We adopted ShotJudge, the calibration paradigm from the XpertBench paper (Liu et al.): a handful of expert-curated examples close most of the calibration gap. Our inversion is who the experts are. In the paper, they are researchers producing a static reference set. In our version, they are the customer's AI managers, tagging conversations during normal review. The exemplar set isn't a fixed corpus; it's a living signal the AI managers write continuously.

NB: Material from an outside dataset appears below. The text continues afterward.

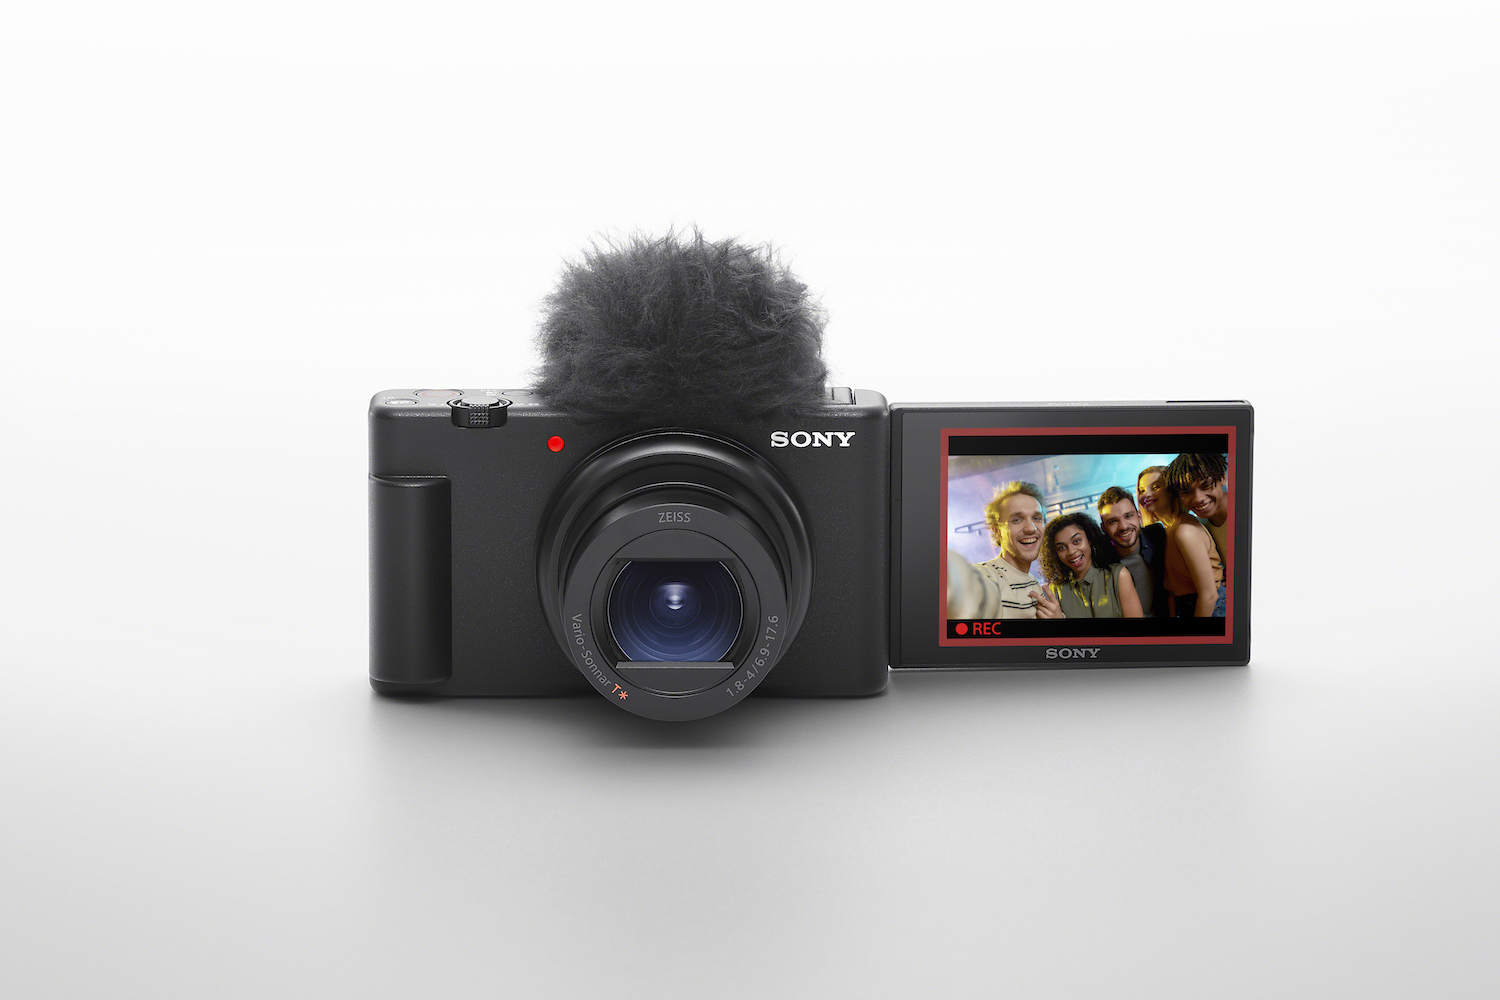 Cámara Vlog, cámara de grabación con micrófono Full HD, cámara digital  inteligente compacta y portátil para transmisión en vivo y disparos de  viaje (plata)

A dynamic few-shot system is defined as much by how it selects examples as by the examples themselves. Coaching, another Ada feature using few-shot examples, uses semantic similarity to choose examples. ShotJudge selects by recency, because what's drifting isn't "which conversations look like this one" but "what this customer currently means by 'promoter.'" Our initial implementation of Custom Metrics hard-codes a hand-curated exemplar per metric; the AI-manager tagging UI and live exemplar pipeline are the next iteration we are building.

Why this generalizes

Three takeaways apply beyond Ada. Run your experimentation harness and your production LLM judge as two different systems, on purpose. The harness is deliberately expensive: per-metric signal is what makes architectural comparisons trustworthy, and it's where you find the best prompt. Production runs that same prompt in a shape that scales with traffic. Strict structured output is not optional at scale. Silent malformed outputs are the worst kind of failure, because they look like missing data rather than bugs. Dynamic few-shot is a class of solutions, not a single one. The design question isn't just whether to use it, but which dimension of similarity to select examples along: semantic similarity when the issue is "does this conversation look like one I've seen before," recency when the issue is "has the customer's definition of 'good' moved."